_INFORMATION SUPPLIED_
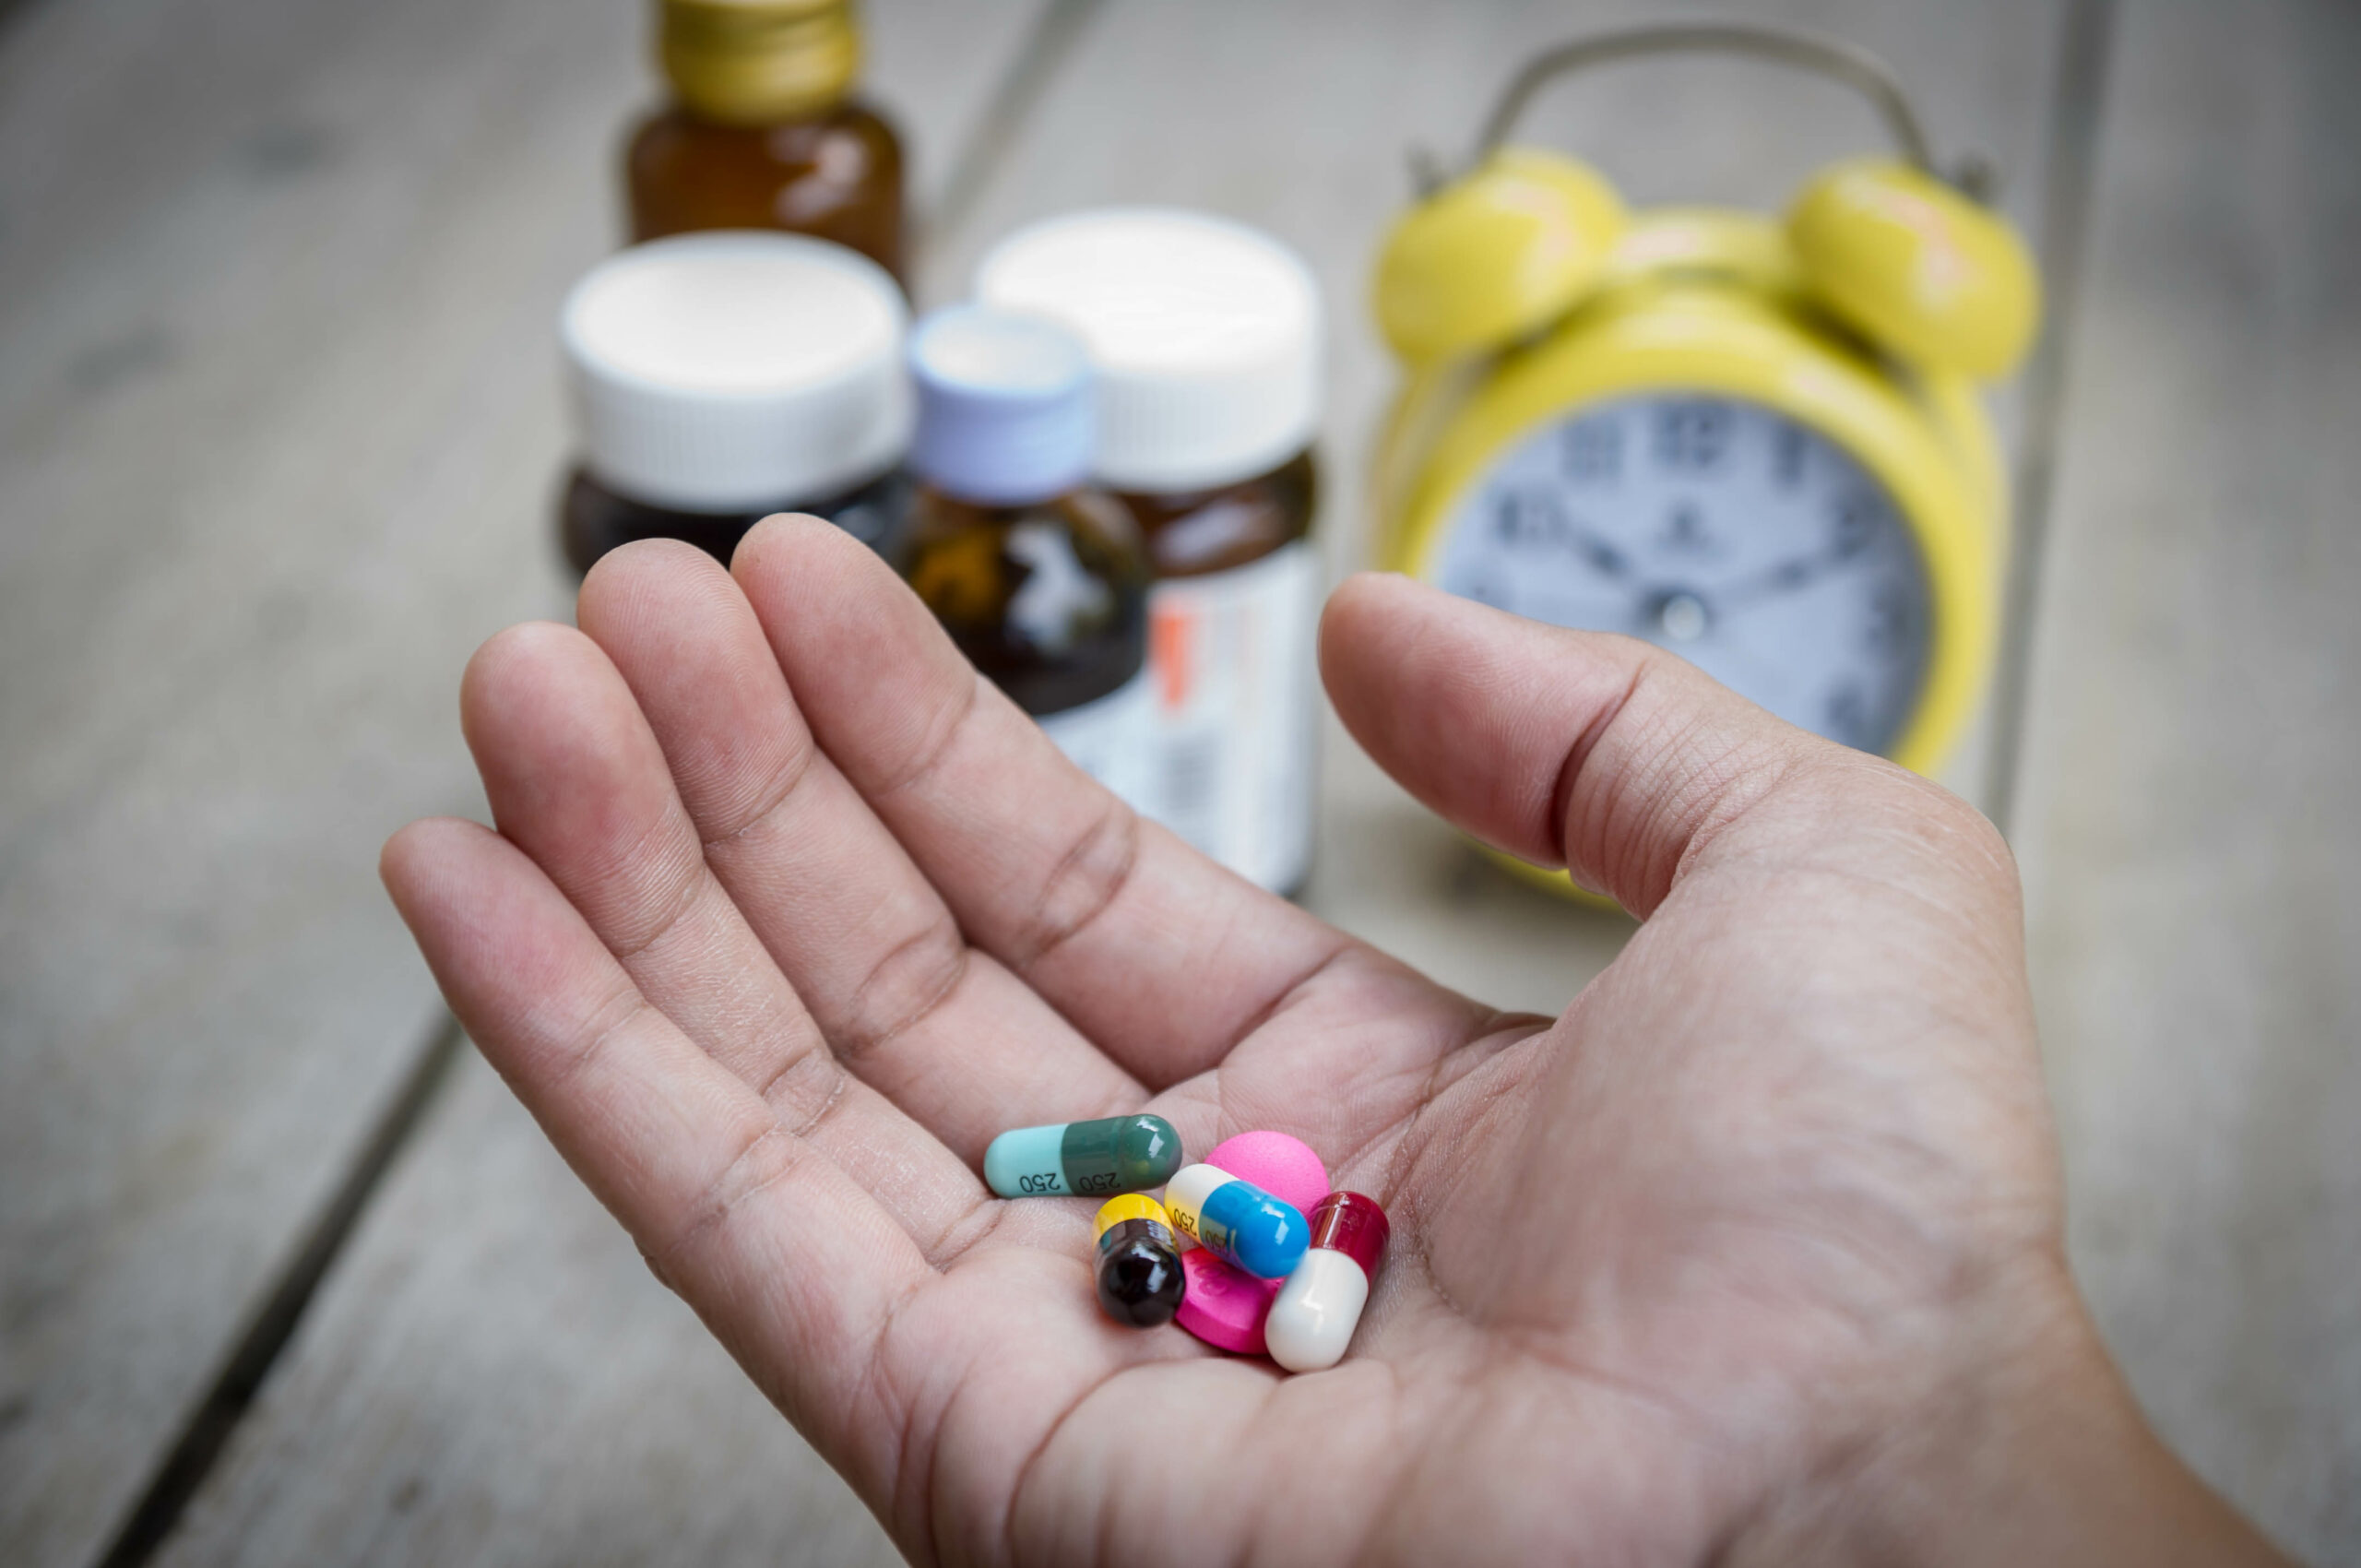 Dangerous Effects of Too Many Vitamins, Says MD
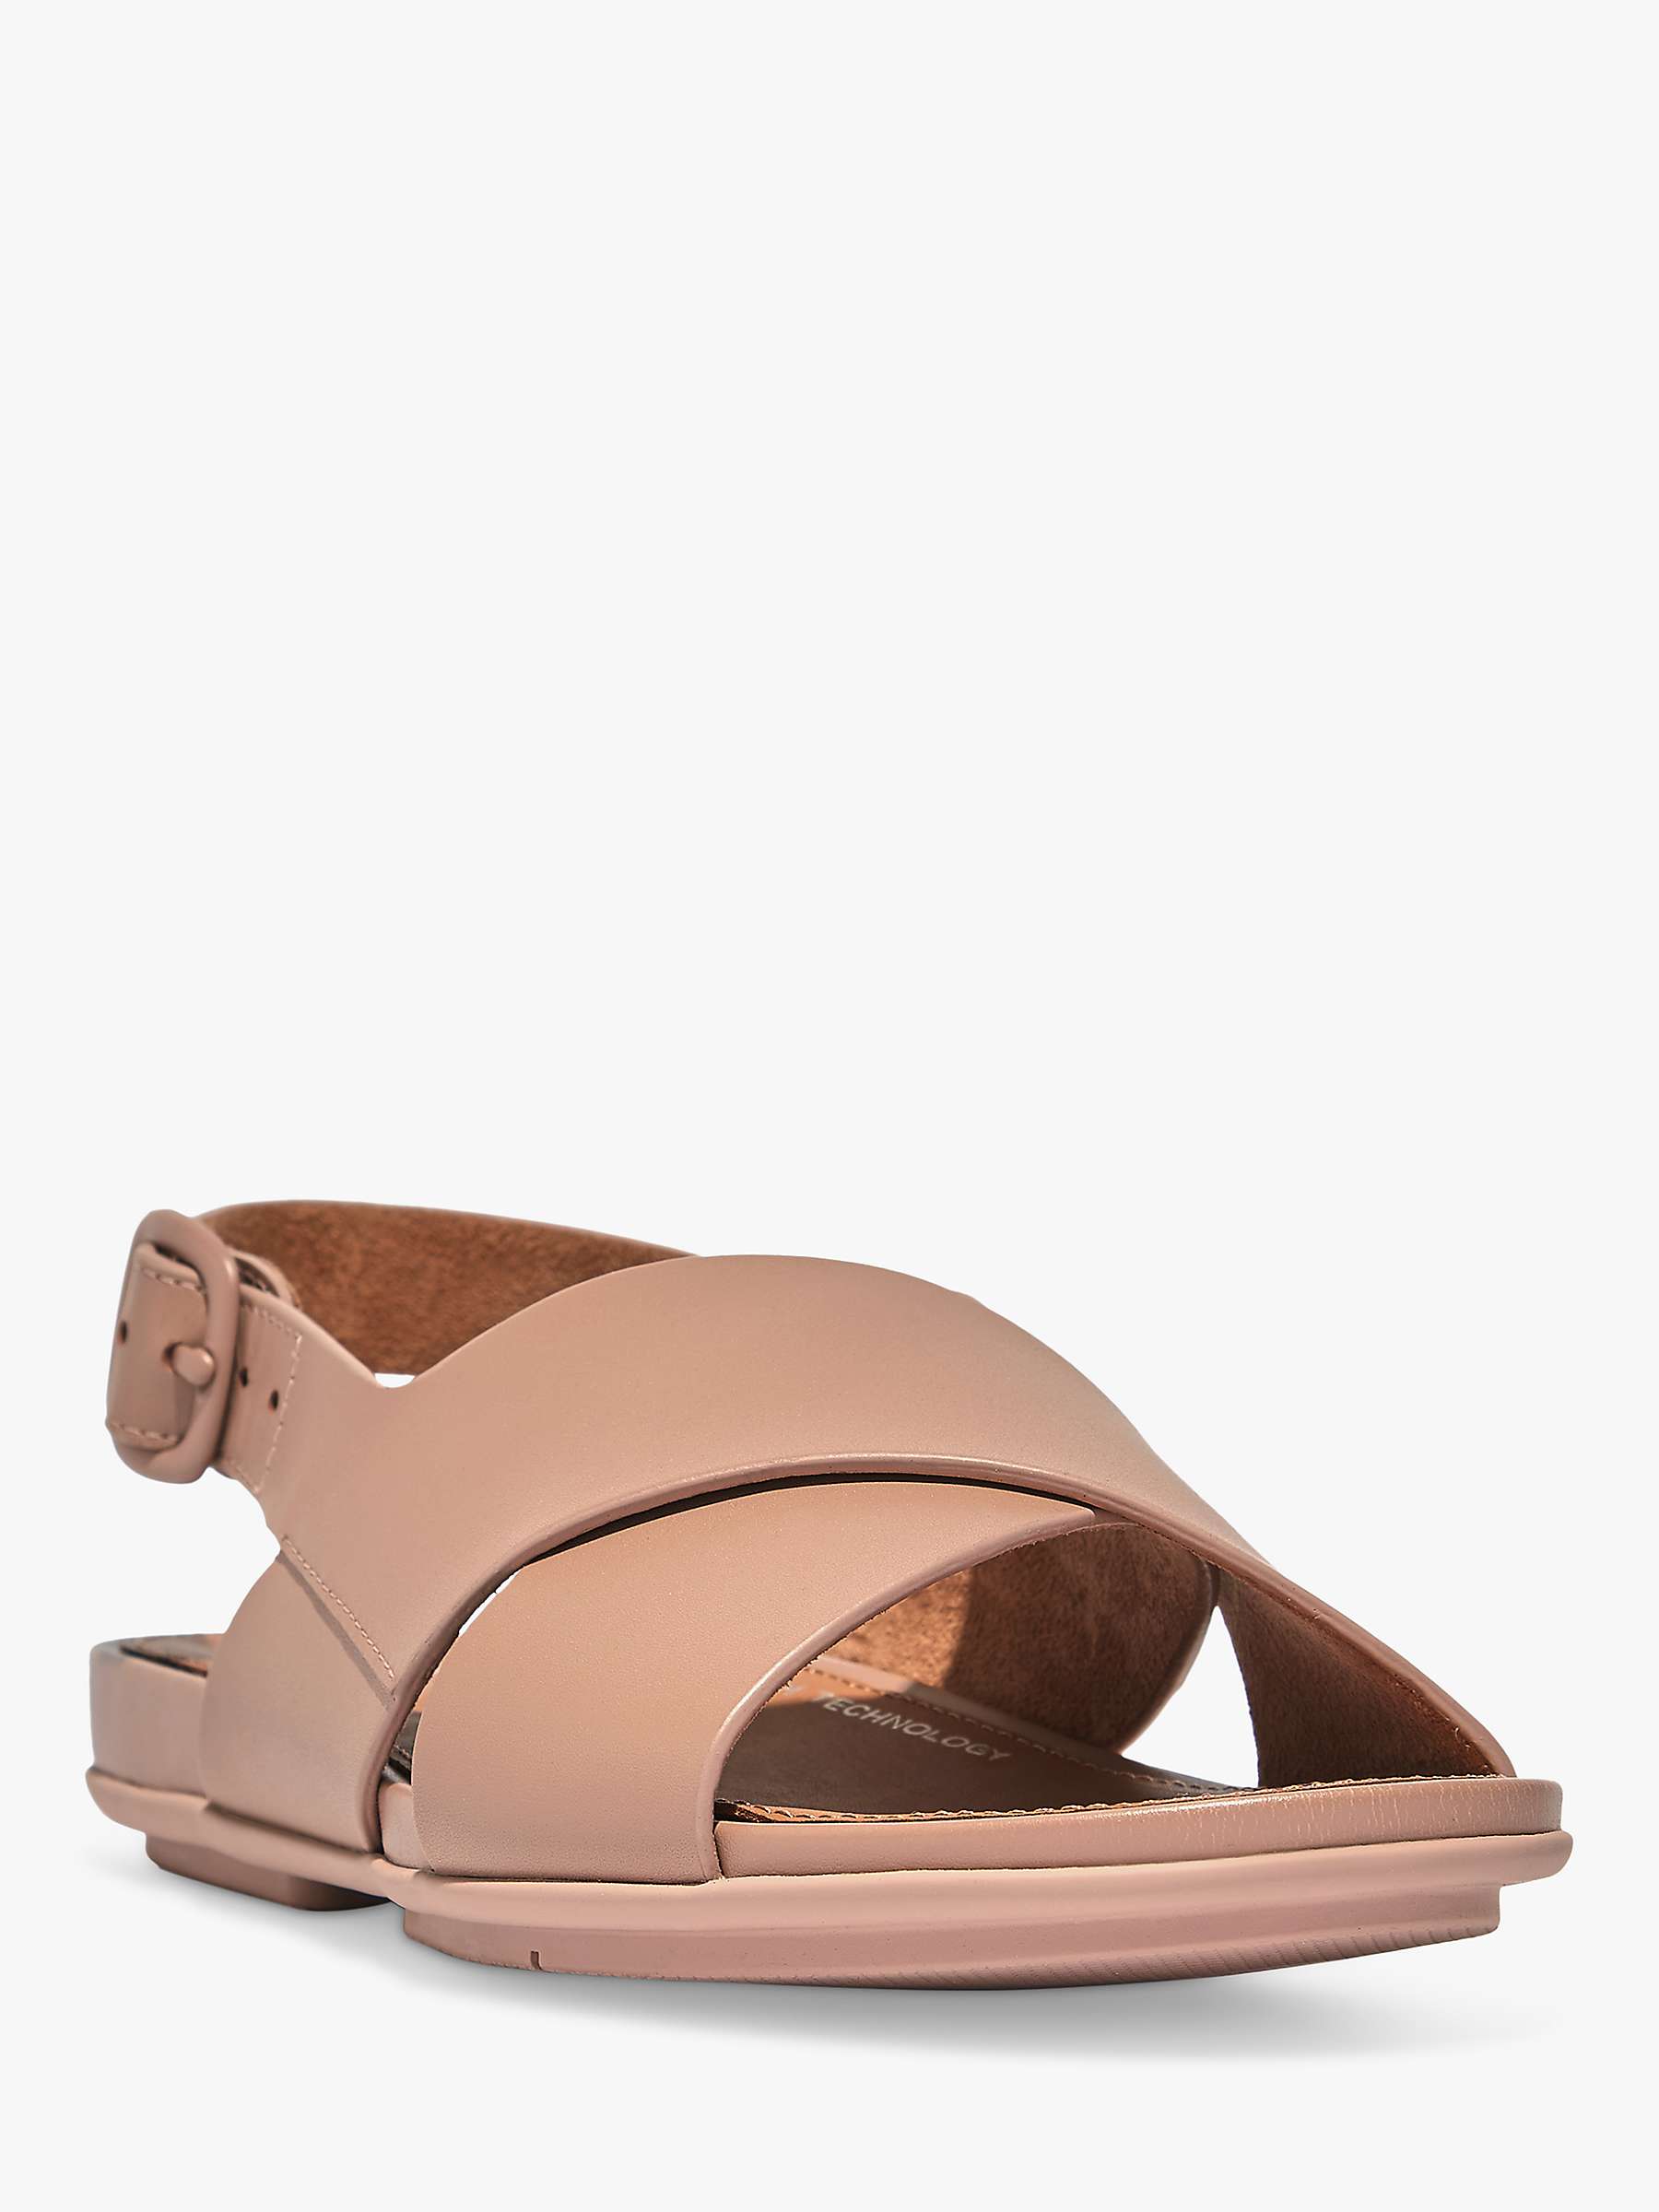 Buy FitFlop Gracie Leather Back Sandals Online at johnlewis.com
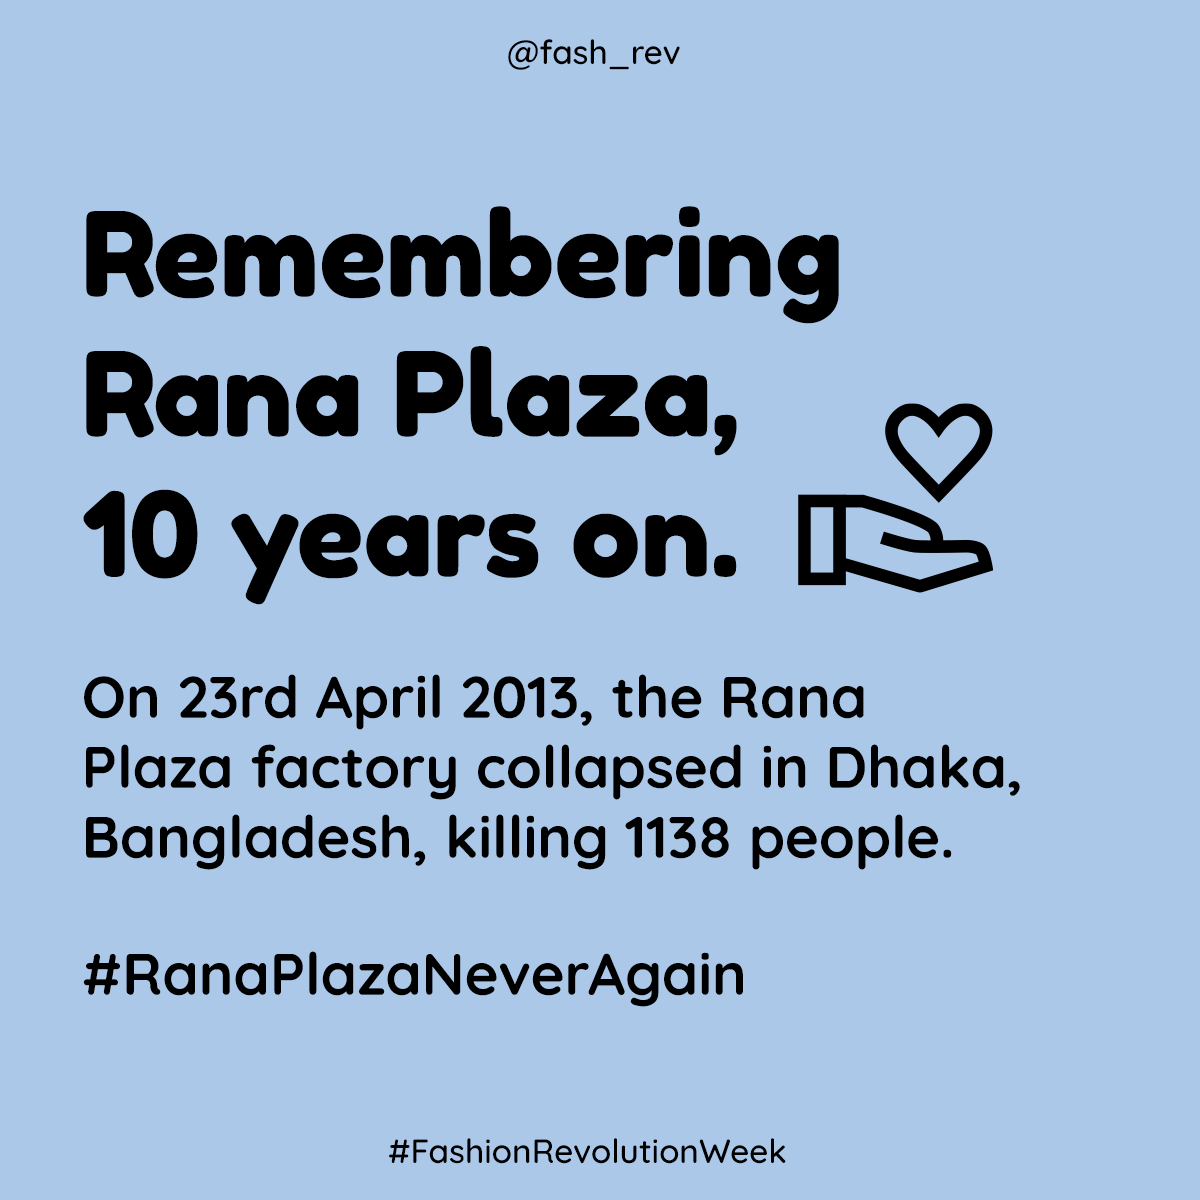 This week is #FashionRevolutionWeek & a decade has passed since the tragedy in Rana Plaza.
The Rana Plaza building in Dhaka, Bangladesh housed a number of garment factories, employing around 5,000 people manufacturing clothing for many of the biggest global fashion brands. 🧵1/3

_YOUR GOAL_
Repeat the lines from the line containing "This week is" through the end of the material above exactly, with no pictures and nothing else.

_ANSWER BOX_
 This week is #FashionRevolutionWeek & a decade has passed since the tragedy in Rana Plaza.
The Rana Plaza building in Dhaka, Bangladesh housed a number of garment factories, employing around 5,000 people manufacturing clothing for many of the biggest global fashion brands. 🧵1/3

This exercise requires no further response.